For those who don't know, sevelamer is one of my approved human pharmaceuticals, crosslinked polyallylamine, which is approved for treating elevated phosphate in humans. It is a highly positively charged polymer that binds the negative charges on phosphate.
 
It is intense competition from sulfate and chloride (IMO). I tried it and it failed to bind much phosphate from seawater.

It also works best in the range of a few mM (few tenths of ppm phosphate) and even at GI tract levels of chloride (say, 5,000 ppm), loses a lot of its capacity at below 1 mM (0.1 ppm phosphate).

For those who don't know, sevelamer is one of my approved human pharmaceuticals, crosslinked polyallylamine, which is approved for treating elevated phosphate in humans. It is a highly positively charged polymer that binds the negative charges on phosphate.

Thansk - interesting
 
FWIW, sevelamer is somewhat selective for phosphate over chloride because HPO4-- can fit nicely against two positive charges in the polymer, while chloride only has a single charge and cannot be bound that way.

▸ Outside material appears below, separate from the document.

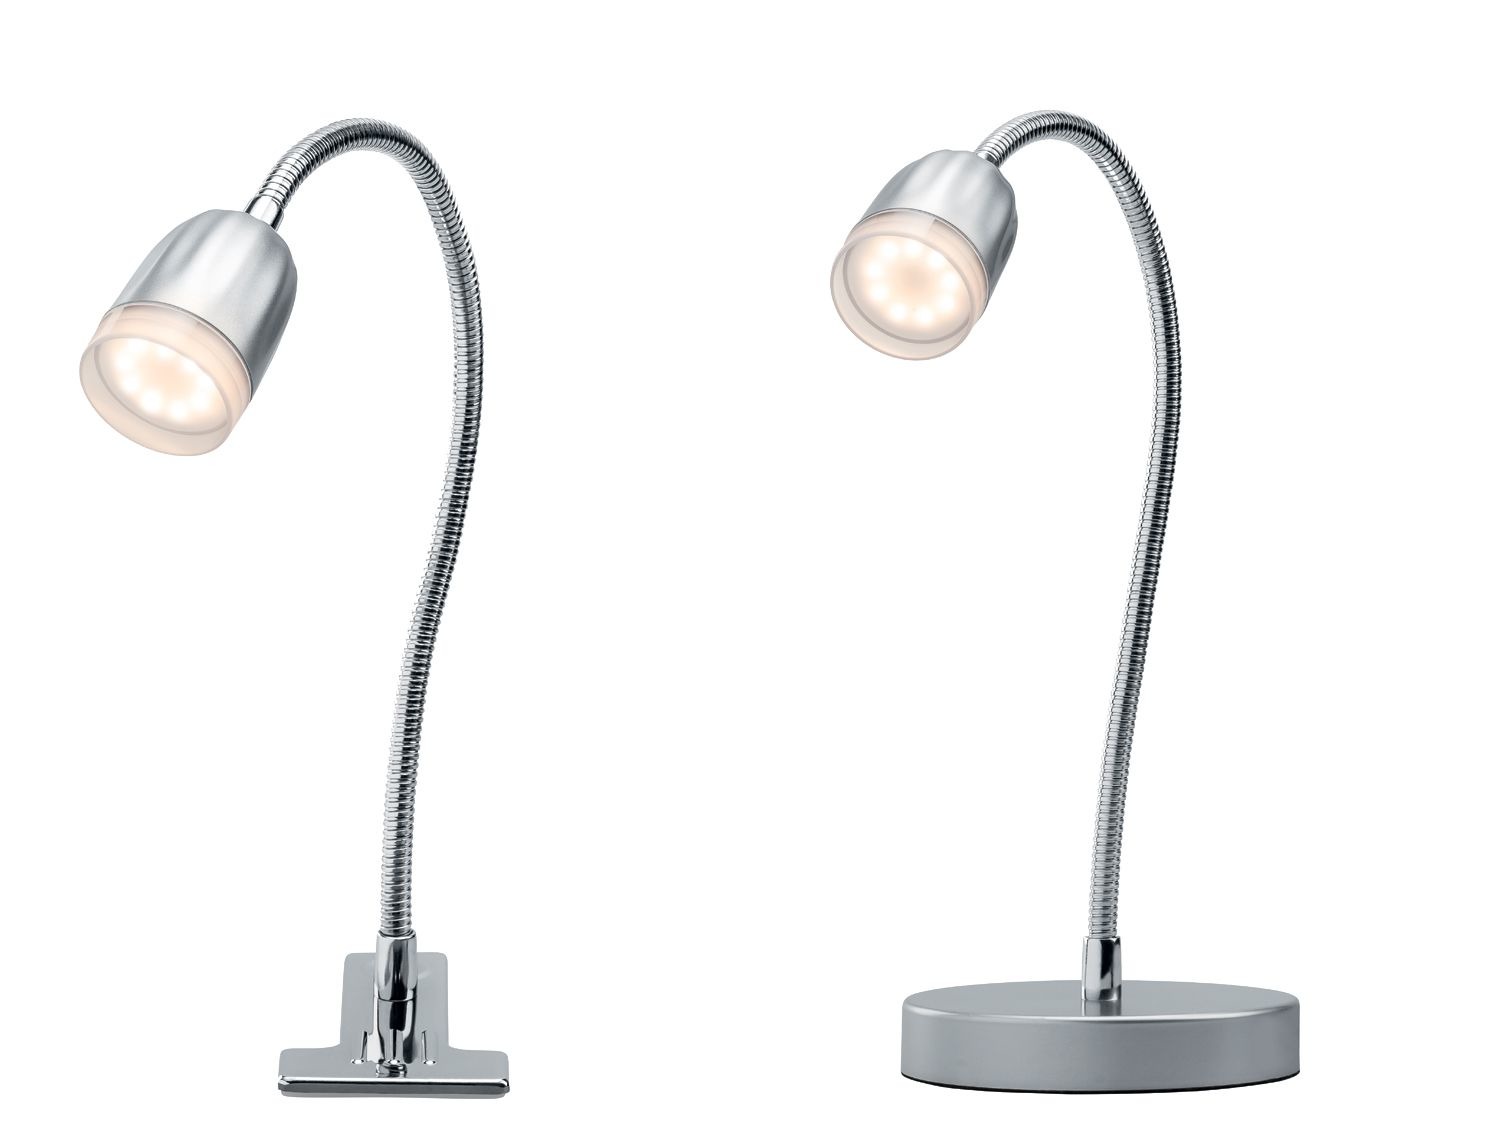 Clancy Afdrukken Weven LIVARNO LUX LED-klemlamp of -tafellamp | LIDL

Sulfate (SO4--), with two negative charges on oxygens spaced apart by one atom, looks quite similar to the form of phosphate sevelamer would bind at pH 8 (mostly HPO4--), so will compete very strongly. Sulfate isn't significant in the GI tract.
 
You talking about in people? I’m not sure there is a “big” problem, but The main reported issue with lanthanum is the small amount that gets absorbed and ends up in bones.